[SUPPLIED INFORMATION — start]

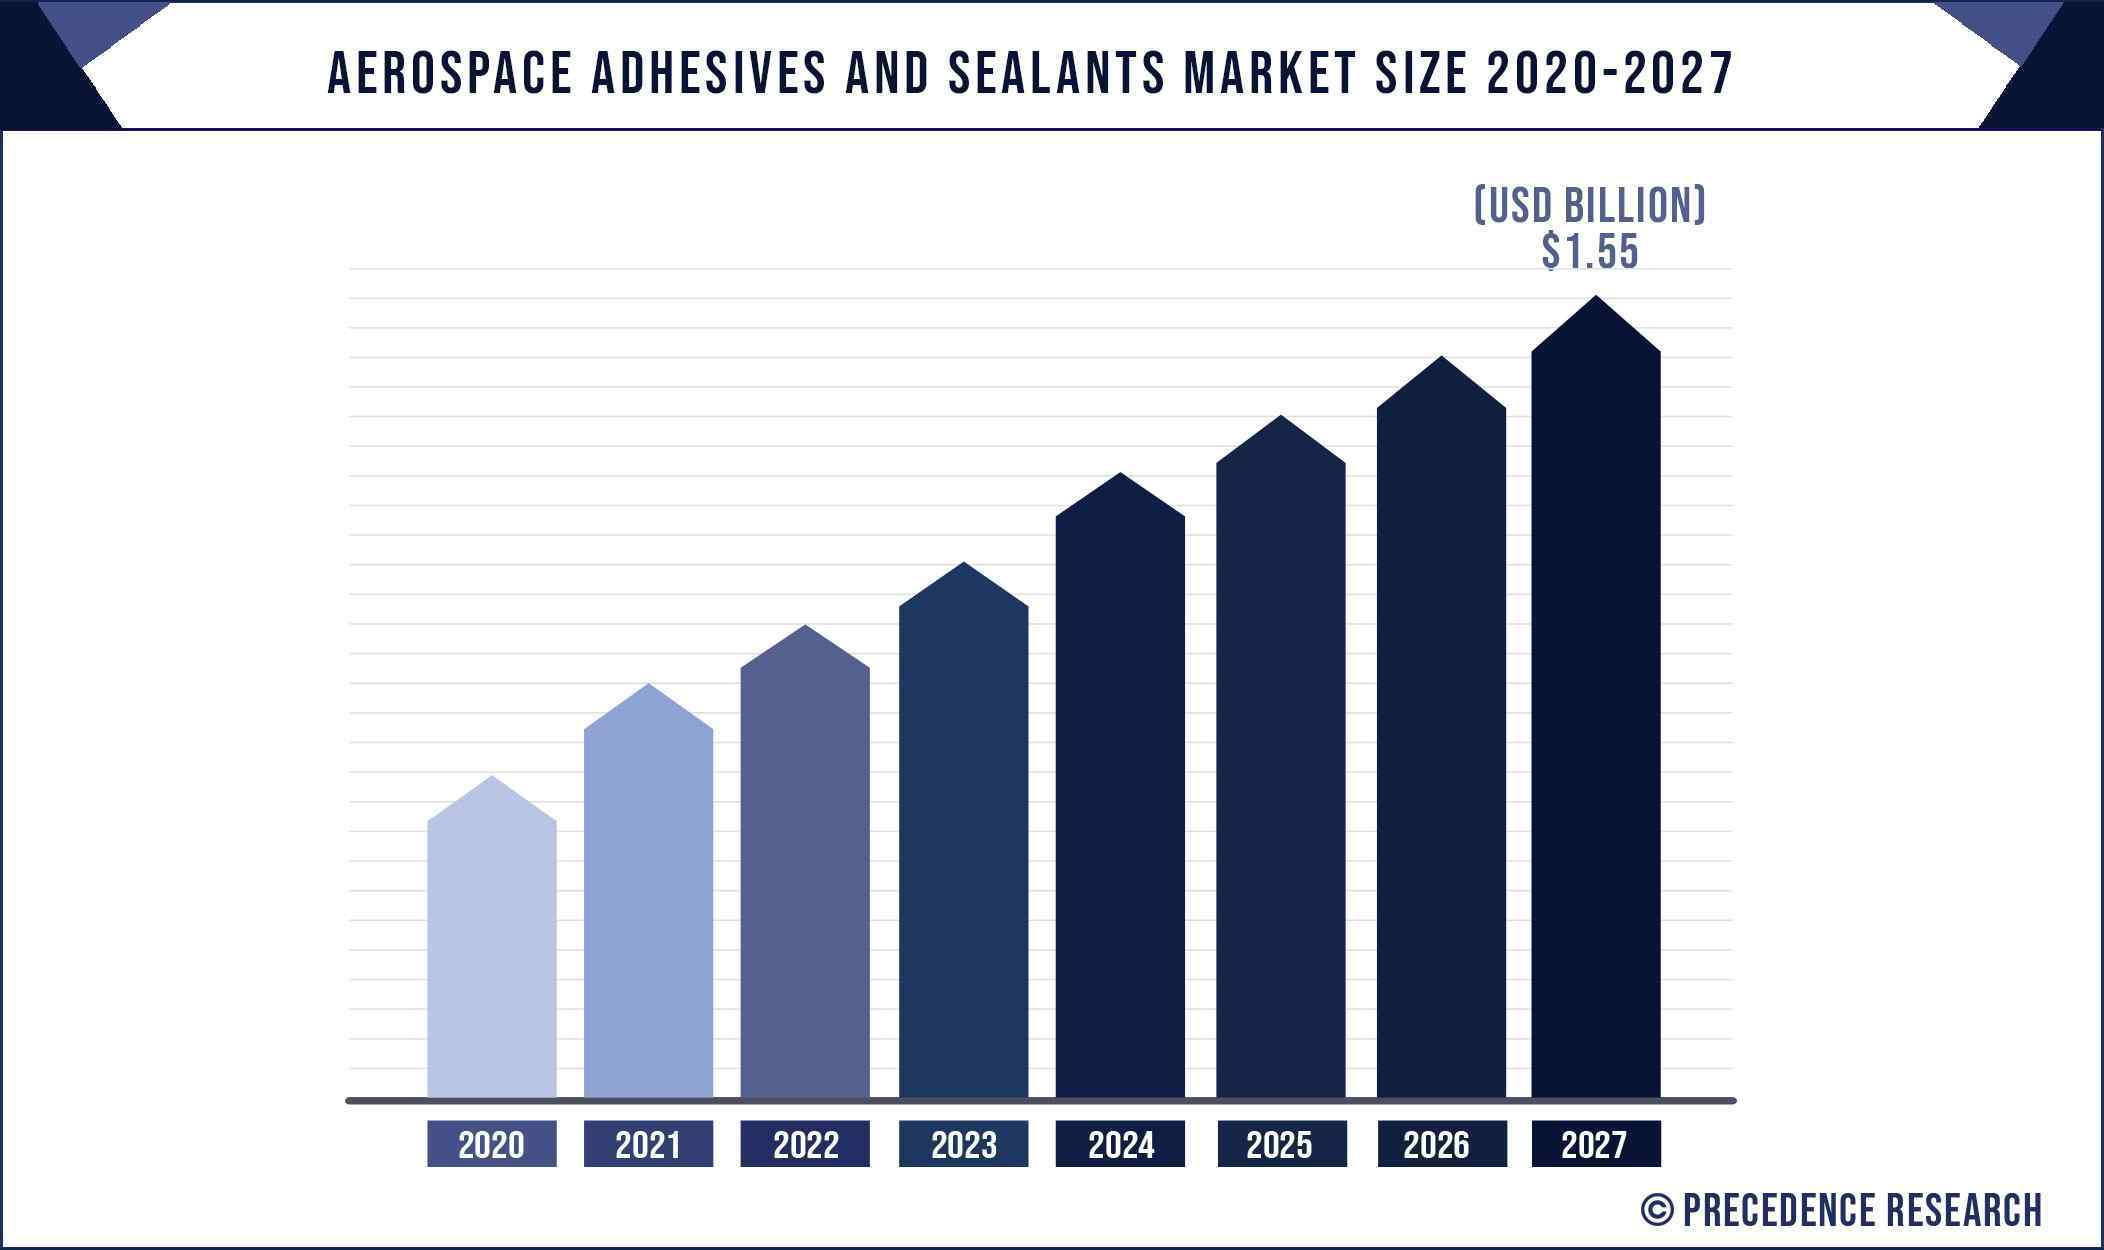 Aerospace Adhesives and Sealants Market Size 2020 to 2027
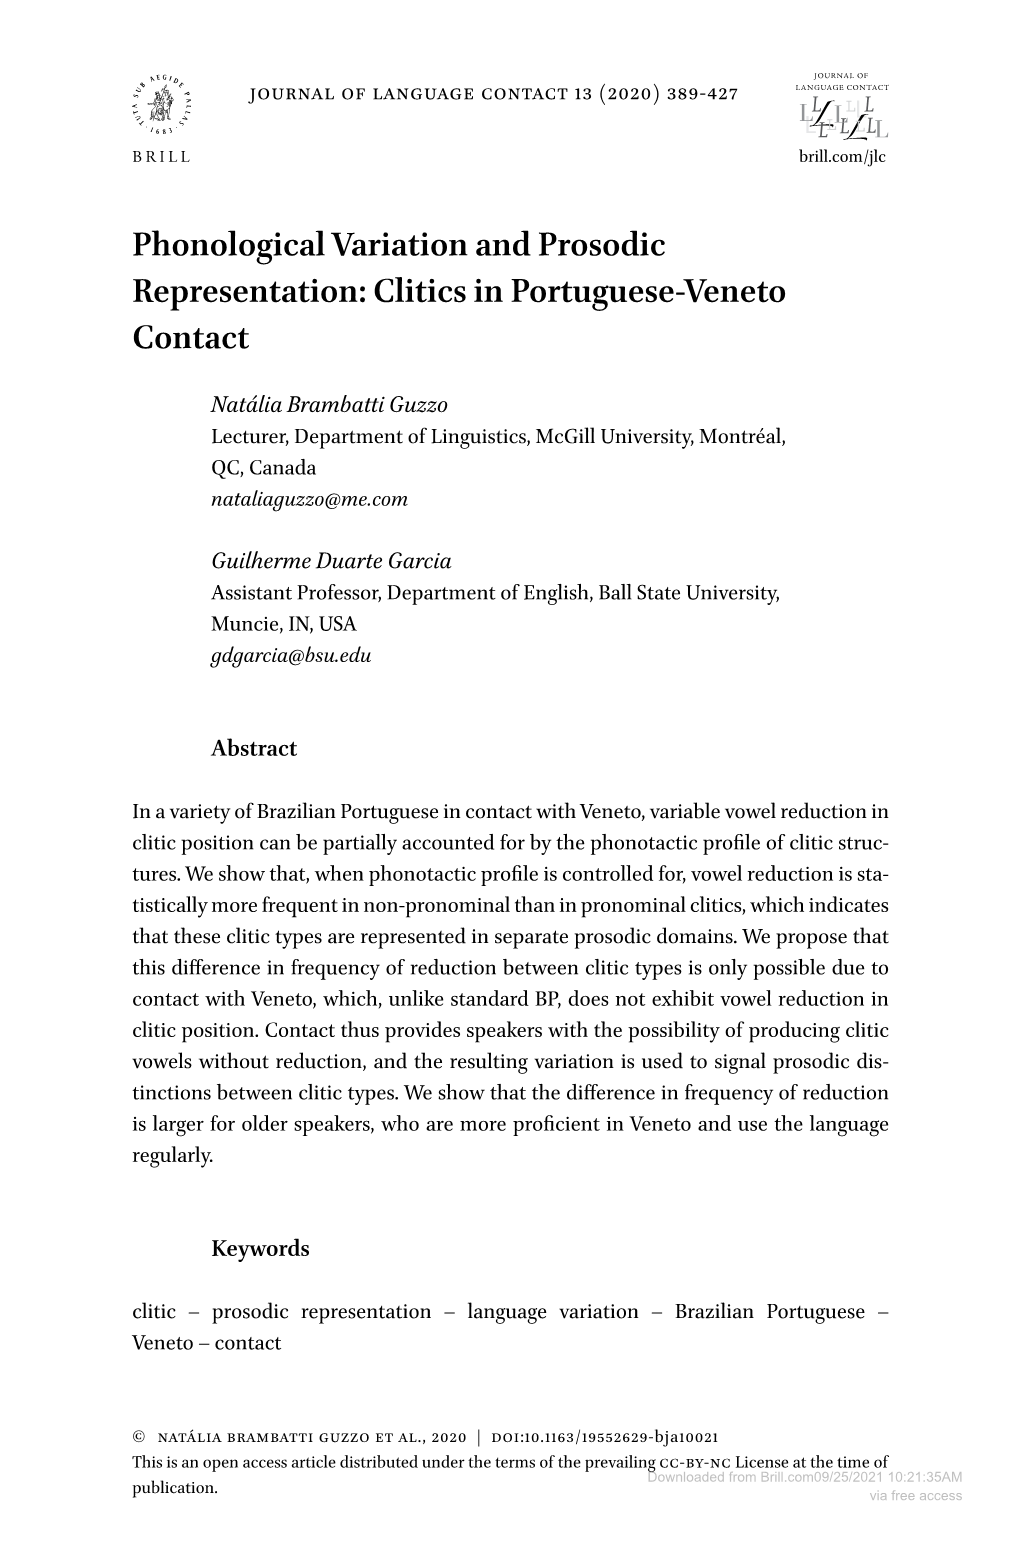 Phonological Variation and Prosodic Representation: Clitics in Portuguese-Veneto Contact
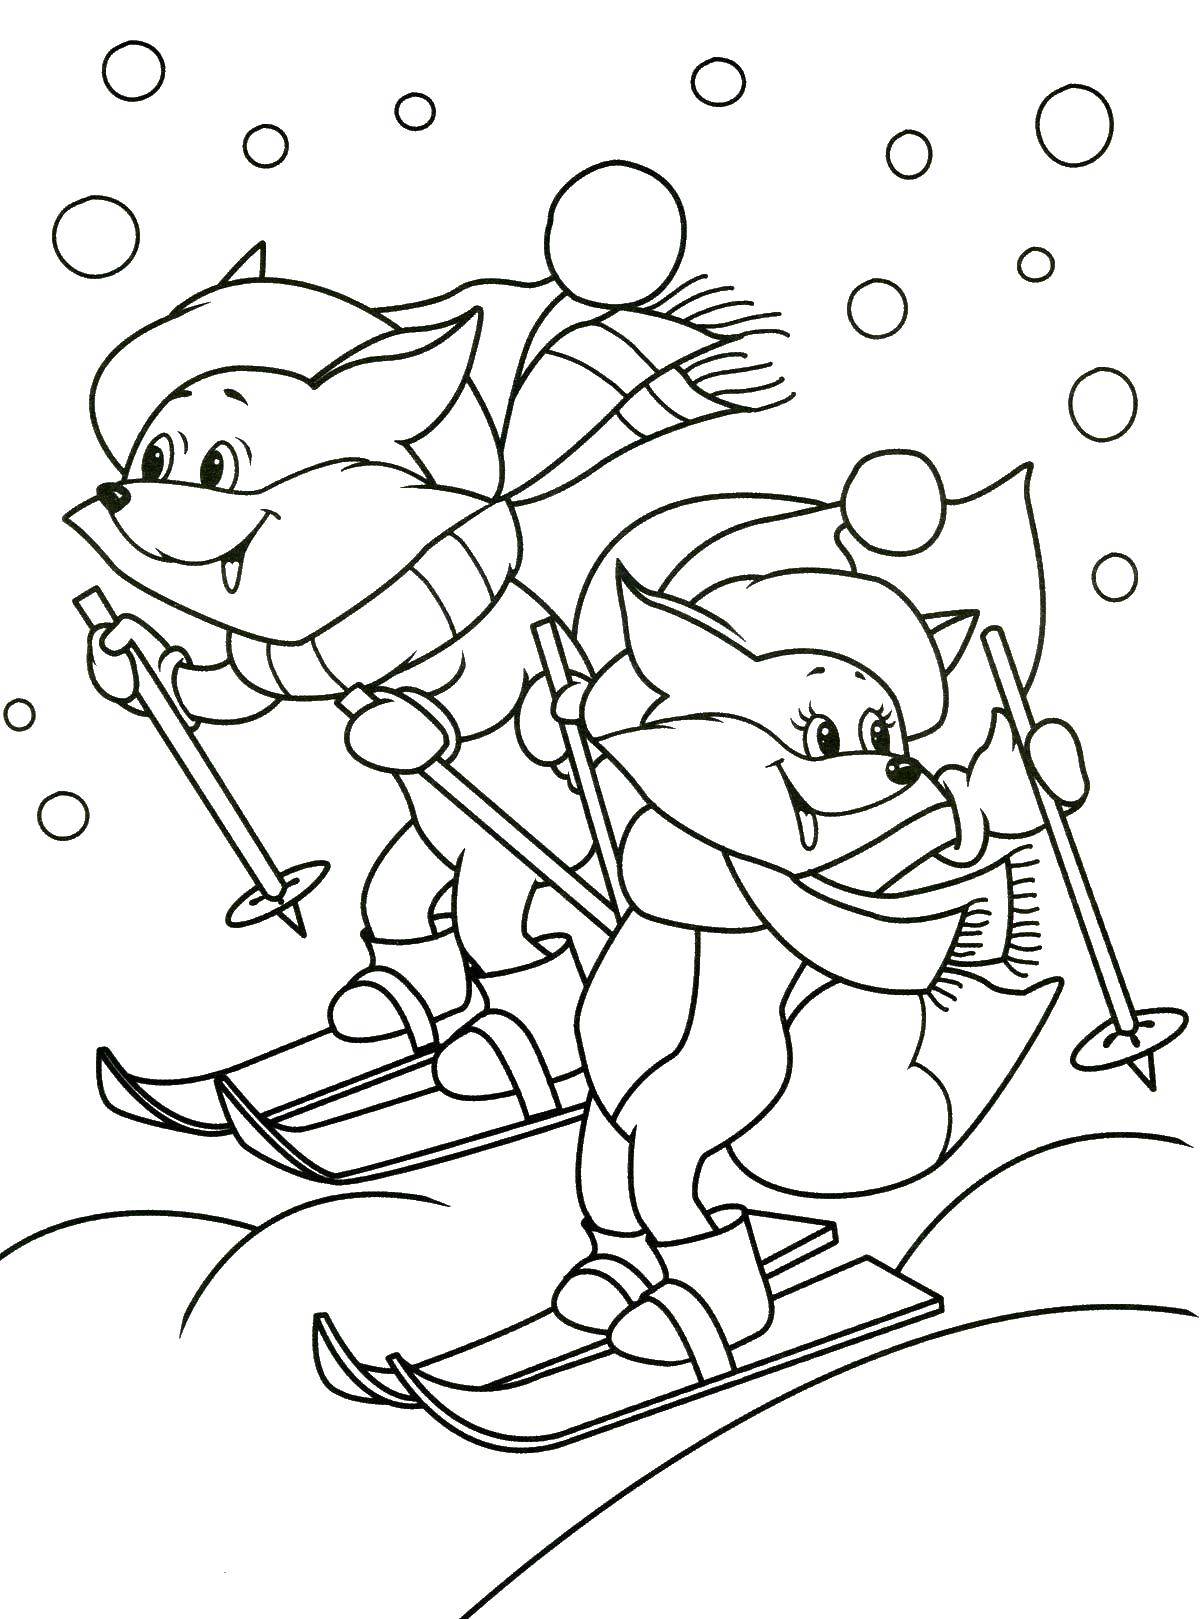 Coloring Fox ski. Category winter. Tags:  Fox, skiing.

[SUPPLIED INFORMATION — finish]

:: YOUR INSTRUCTIONS ::
Give back the material word for word, without images.

:: OUTPUT OF THE EXERCISE ::
 Aerospace Adhesives and Sealants Market Size 2020 to 2027
 Phonological Variation and Prosodic Representation: Clitics in Portuguese-Veneto Contact
 Coloring Fox ski. Category winter. Tags:  Fox, skiing.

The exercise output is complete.